Recently Alex Rodriguez, a top 5 power hitter of all time, posted a video on Youtube called “If You Want To Hit Home Runs, Forget about Launch Angle”
This video sent the #hittingtwitter universe into spin mode. Half agreeing with what they have always believed and felt, and the other half into gif mode to prove him wrong.
I even jumped in and tweeted my The Basics Launch Angle article to him, asking him to read.
If you haven’t seen the video yet, watch below, it will be the context of this blog.
Where Arod Was Wrong
Here we are again, explaining launch angle.
Launch angle is nothing more than a measurement of the ball both vertically and horizontally off of the bat. It has nothing to do with how the bat is swung. Every ball put into play in the history of baseball has a launch angle.
Former players, as well as current players, or anyone with influence in the game should use terminology correctly as it applies to the game. So the entire framework and overall theme of the video is inaccurate.
HOWEVER, He’s not wrong in what he’s saying.
Feel Vs.
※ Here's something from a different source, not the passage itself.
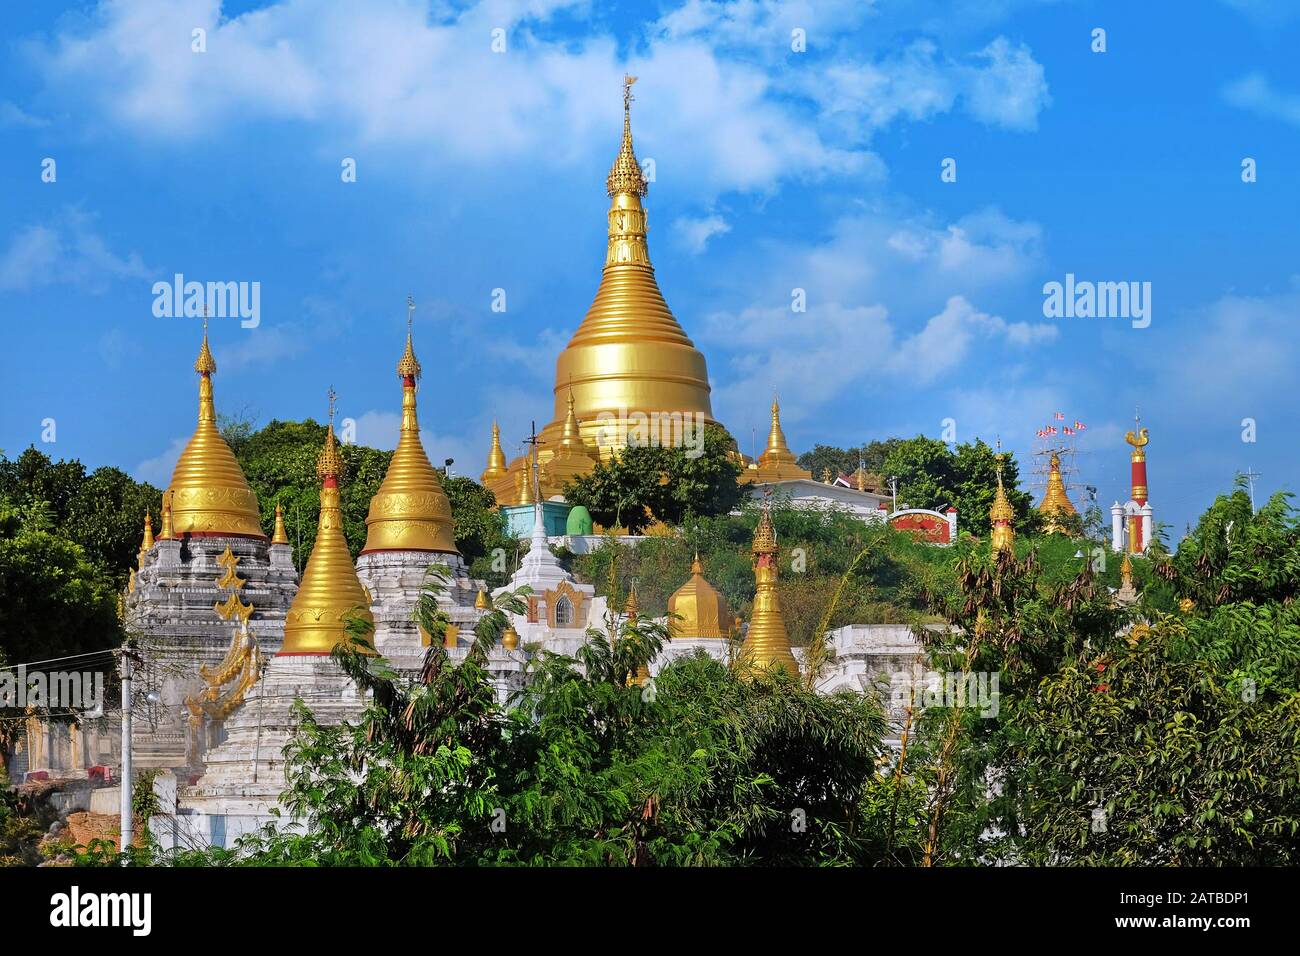 Blick auf das goldene Dach einer birmanischen Pagode in Mingun, Mandalay, Myanmar, umgeben von grüner Vegetation, gegen einen blauen Himmel, der von weißen Wolken bedeckt ist. Stockfoto

Real
In the video, Alex explains that the shortest distance between two points is a straight line and the best way to hit home runs is to swing straight down.
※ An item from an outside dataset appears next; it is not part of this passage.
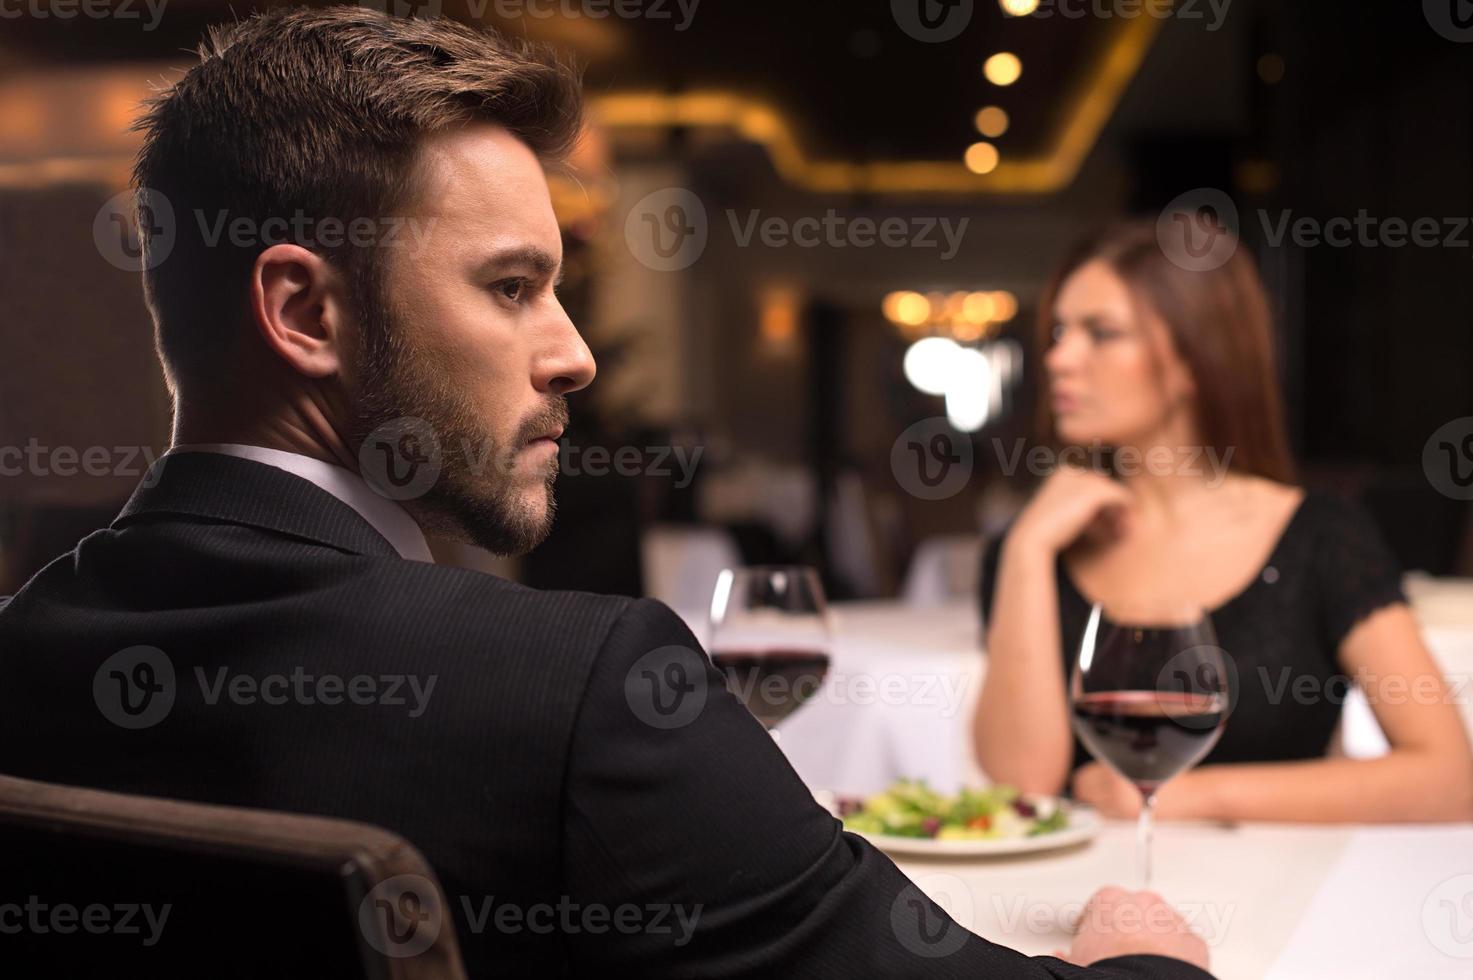 no mas palabras. pareja joven pensativa sentada en el restaurante y mirando hacia otro lado foto

Do I think he believes this is the way he swung the bat? Yes, 100%.
And so do a lot of other players.
Here’s another conversation between Alex and the best player in the game, Mike Trout, outlining the same idea. Swing straight down.
We live in the best time ever for swing design and player development. Can you think swing down and be successful?
Absolutely, as long as you don’t actually swing down.
If you watch videos of all the great players that believe they swing straight down to the ball, you will see over and over again that they are arriving at a positive attack angle into impact. They have to be. Otherwise, they wouldn’t be the players they are.
What does that mean? If you think A to B and swing down but you consistently arrive at impact between 5 and 15 degrees up, then great. Keep doing that. If you think swing down, and you actually swing down, you may want to rethink your feel to more “up” to produce the desired input to create the output needed to play.
Arod is right, for him. Explore what is right for you. It may be “swing down”, or it may not be. You have to explore and measure to find out.
Trying to Launch Angle Gives You A Blind Spot
Alex states that “If you think launch angle (which is his way of describing excessive vertical swing plane), you will have a big blind spot up in the zone.”
This is also accurate. Although not accurately described.
If you have too much positive attack angle 20, 25, or 30 on pitches up in the zone, you will expose yourself to being off plane to pitches up in the zone, and it’s unlikely you will hit them solidly.
Ideally, hitters should focus on the positive 5 to 15-degree attack angle range with the ability to feel and adjust up or down dependent on the tendency of the pitcher? Do they tend to be up in the zone more? Think lower. Do they tend to work in the bottom of the zone more? Think higher.
Like everything, it depends, and you should train to do it all.
Which brings me to my last point
The Best Hitters In The World Can Do Everything
Alex states that the teams he played for had the ability to do everything.
Hit the ball up, hit the ball down, hit the ball left and hit the ball right.
Elite hitters have their “A” swings. Without question. But they have thousands of movement variations off that and can do whatever they want, whenever they need to.
Joey Votto says this also. The best hitters can do everything.
If you want to be the best, you have to have the ability to do everything.
I wished announcers and players with influence could use the correct terminology when educated the masses in regards to swings and hitting.
Launch angle isn’t attack angle, approach angle, swing plane, angle of impact or any other terminology that correlates to swing input.
Launch angle shouldn’t be controversial. Yet it is. Mainly because of misguided information spread by people and players with influence.
Hit hard line drives. Launch angle is only a measurement tool to provide feedback on how efficiently you are doing this.